RECORDED DATA

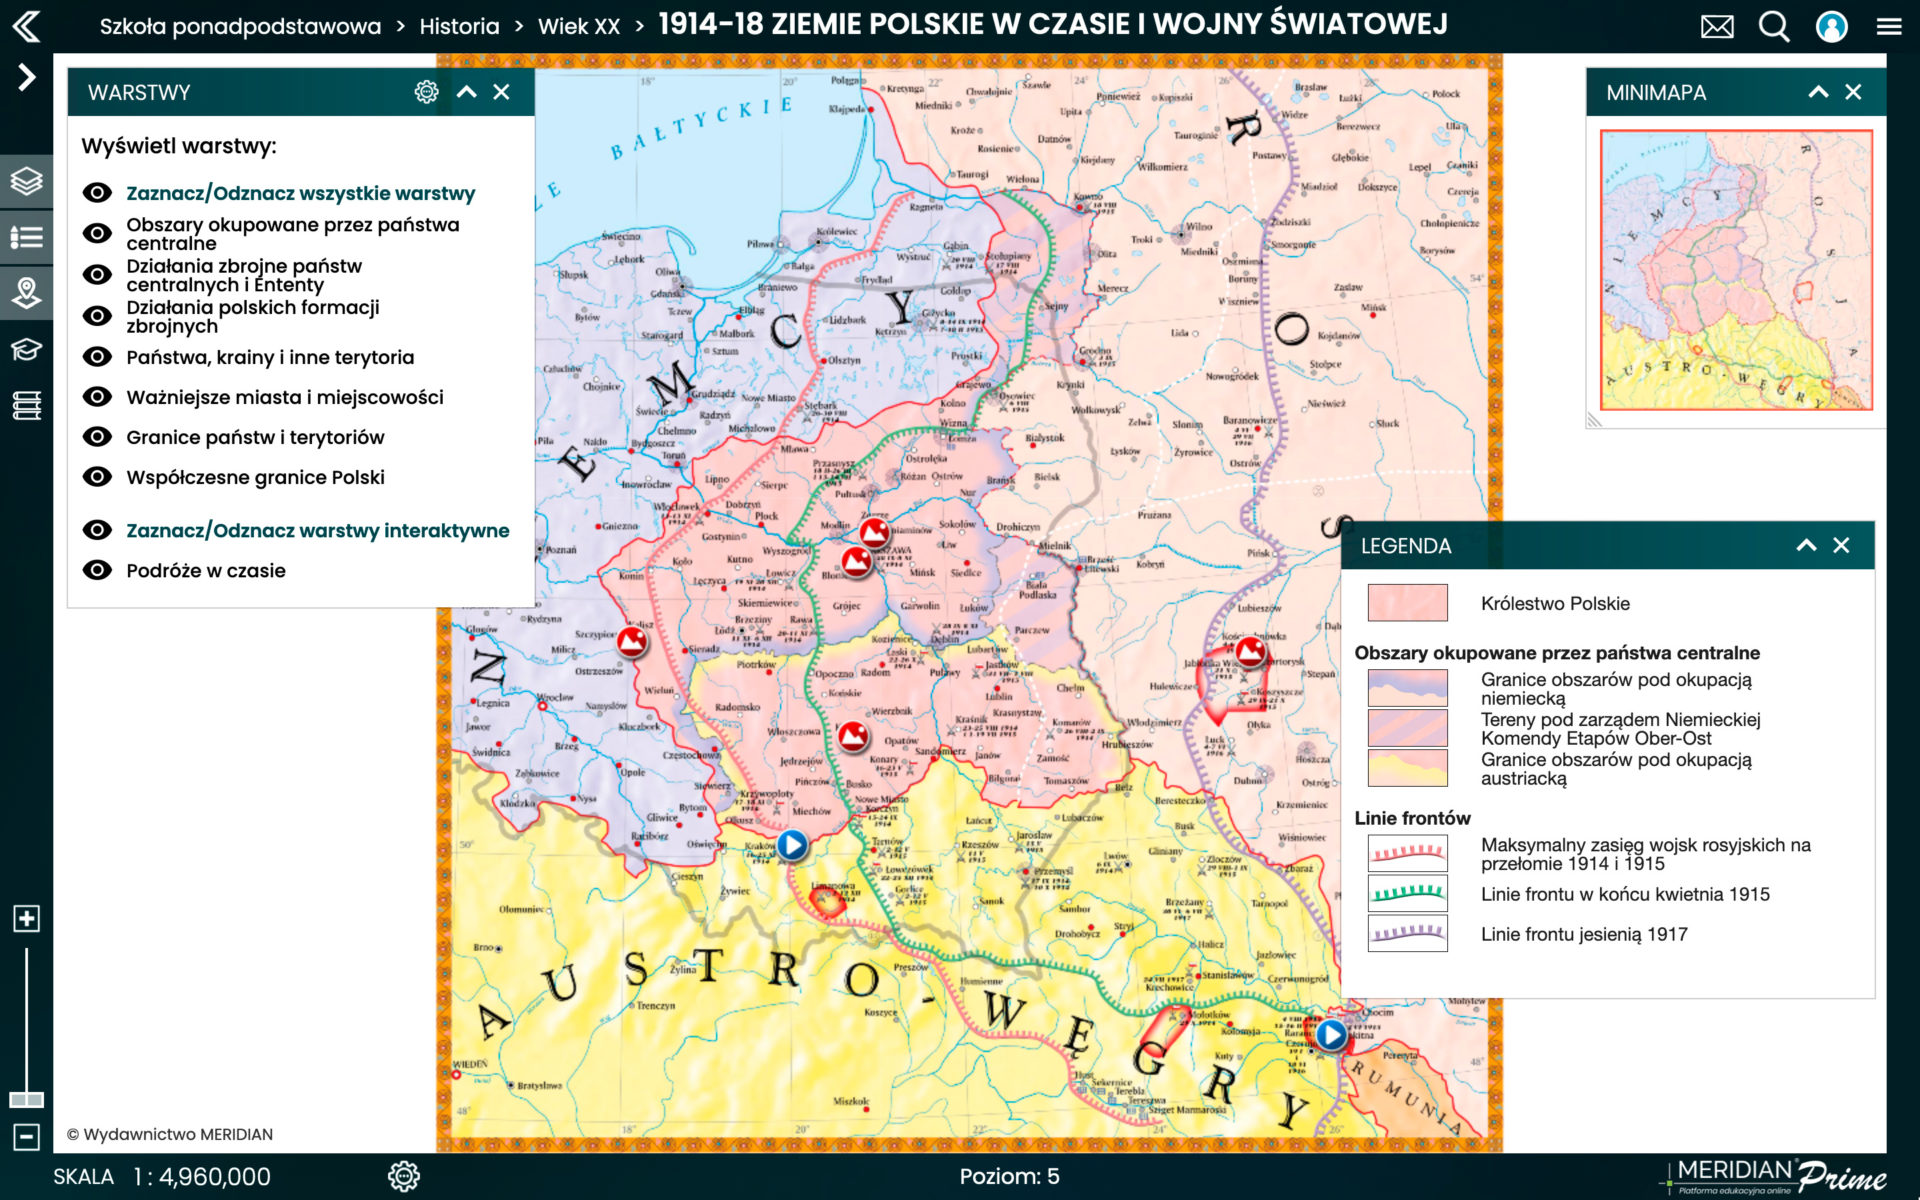 1914-1918 Ziemie polskie w czasie I wojny światowej
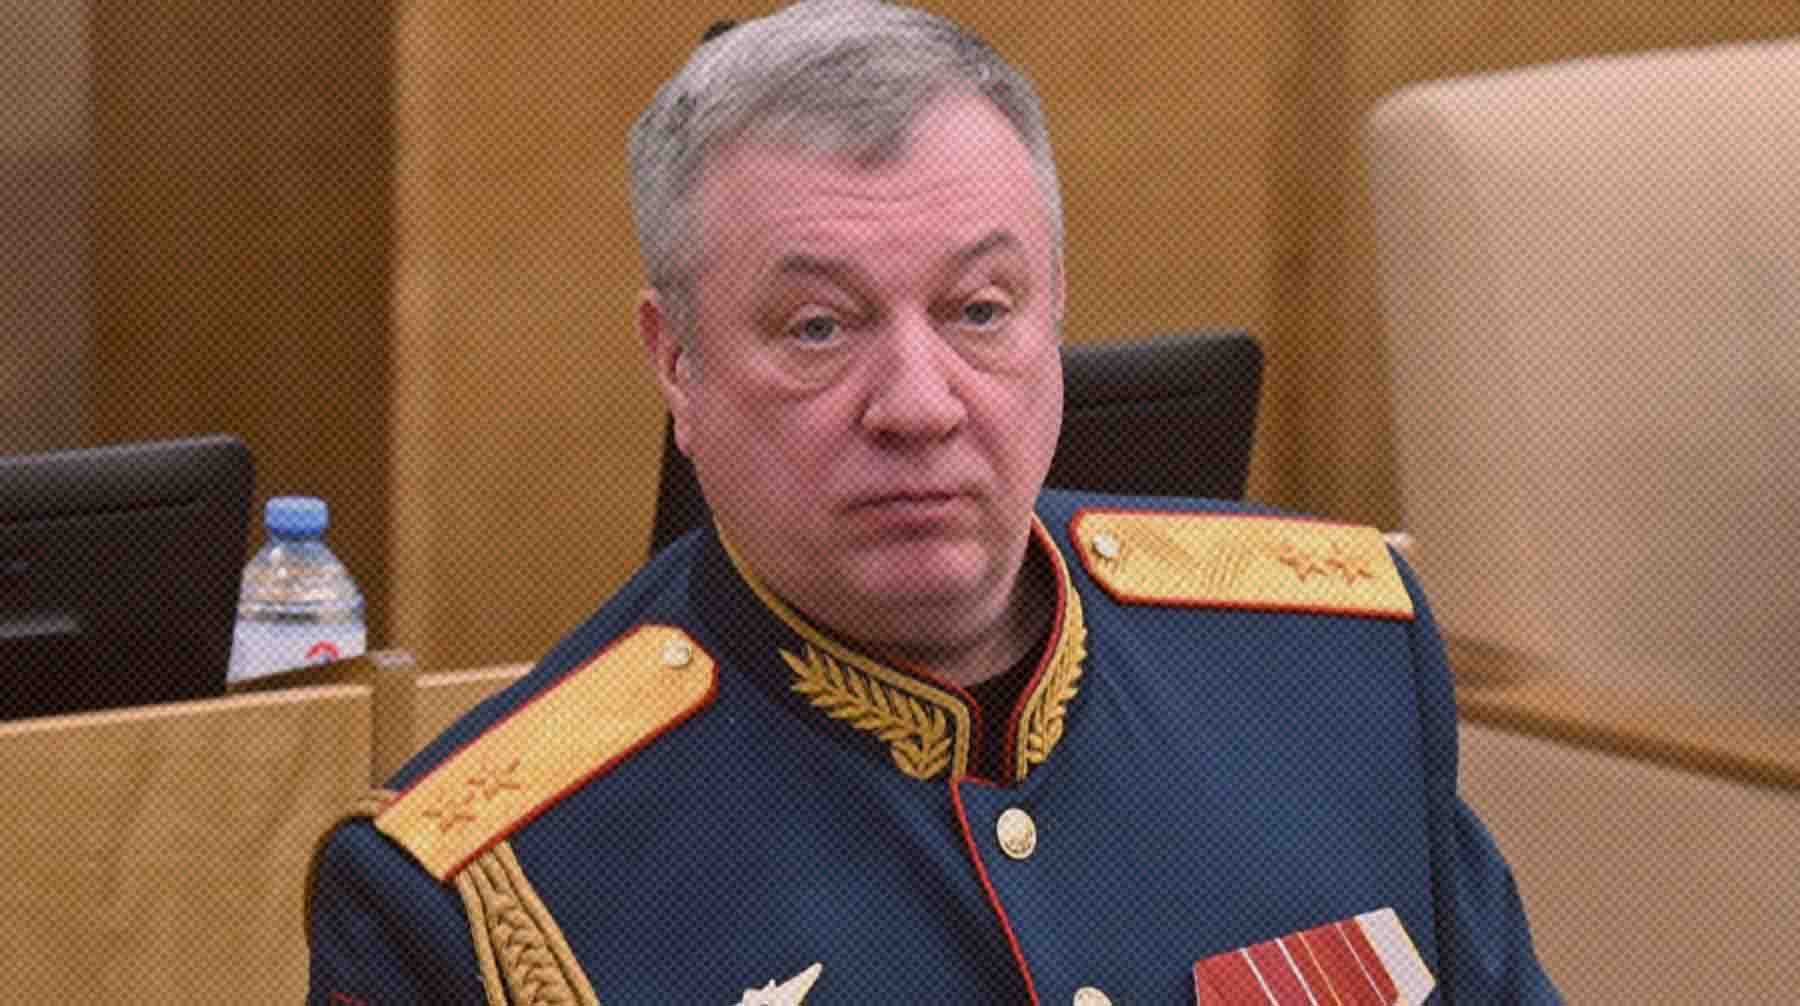 Ранее в думской комиссии заявили, что эти высказывания являются личным мнением парламентария Андрей Гурулев
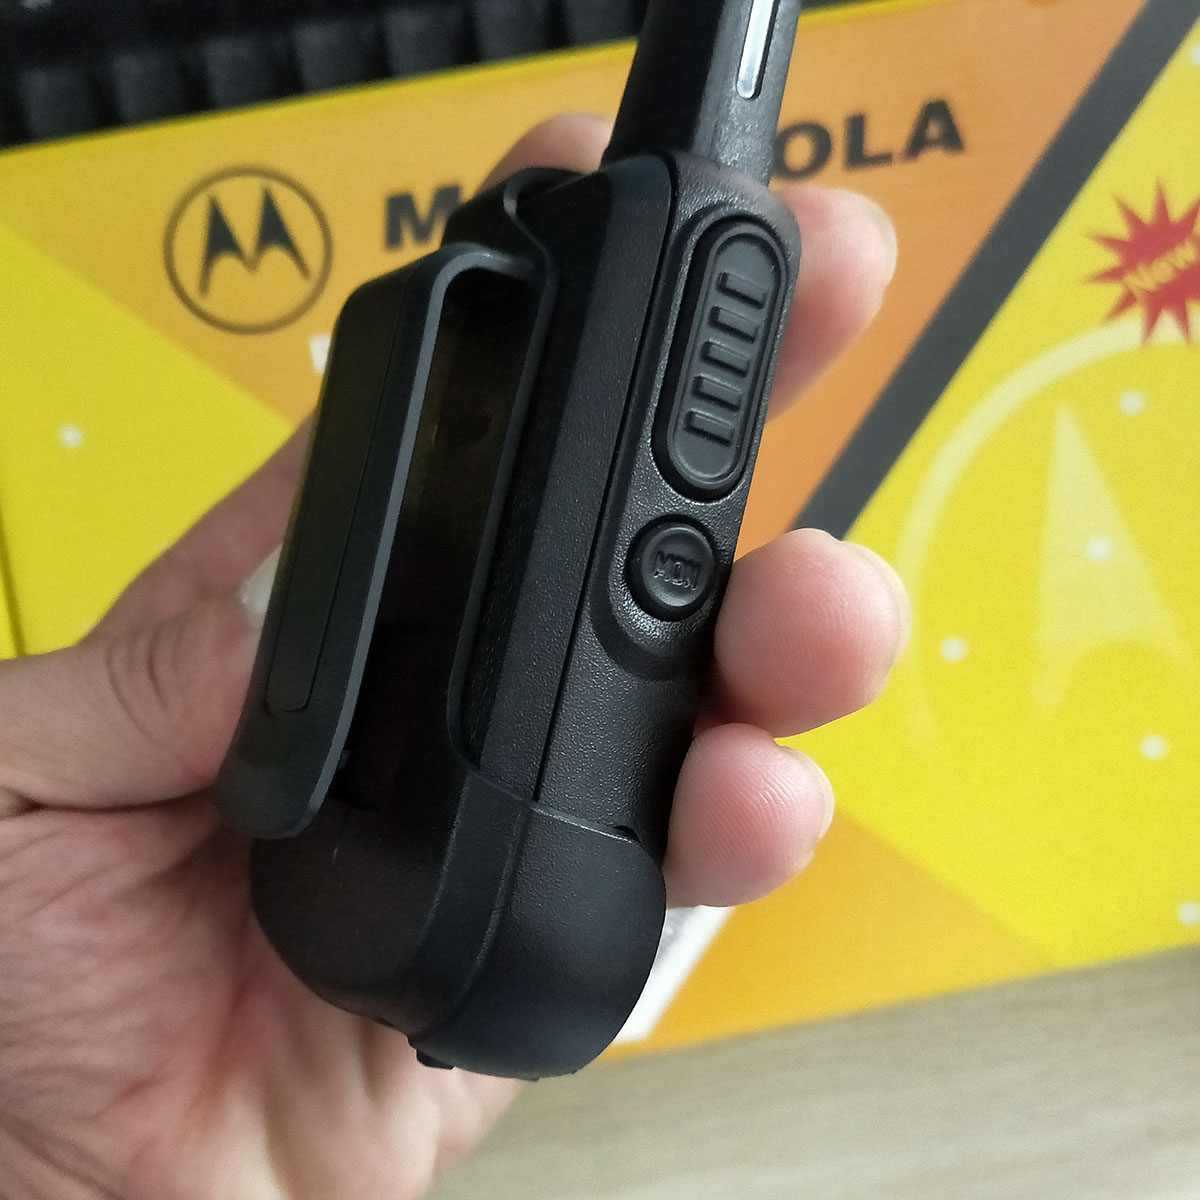 Bộ đàm Motorola Minitor VI, bộ đàm mini cầm tay nhỏ gọn - Hàng nhập khẩu

REQUIREMENT
Emit an exact copy of the lines from the line bearing "Ранее в думской" through the last line above, inclusive, and leave the images out.

PROBLEM SOLUTION
 Ранее в думской комиссии заявили, что эти высказывания являются личным мнением парламентария Андрей Гурулев
 Bộ đàm Motorola Minitor VI, bộ đàm mini cầm tay nhỏ gọn - Hàng nhập khẩu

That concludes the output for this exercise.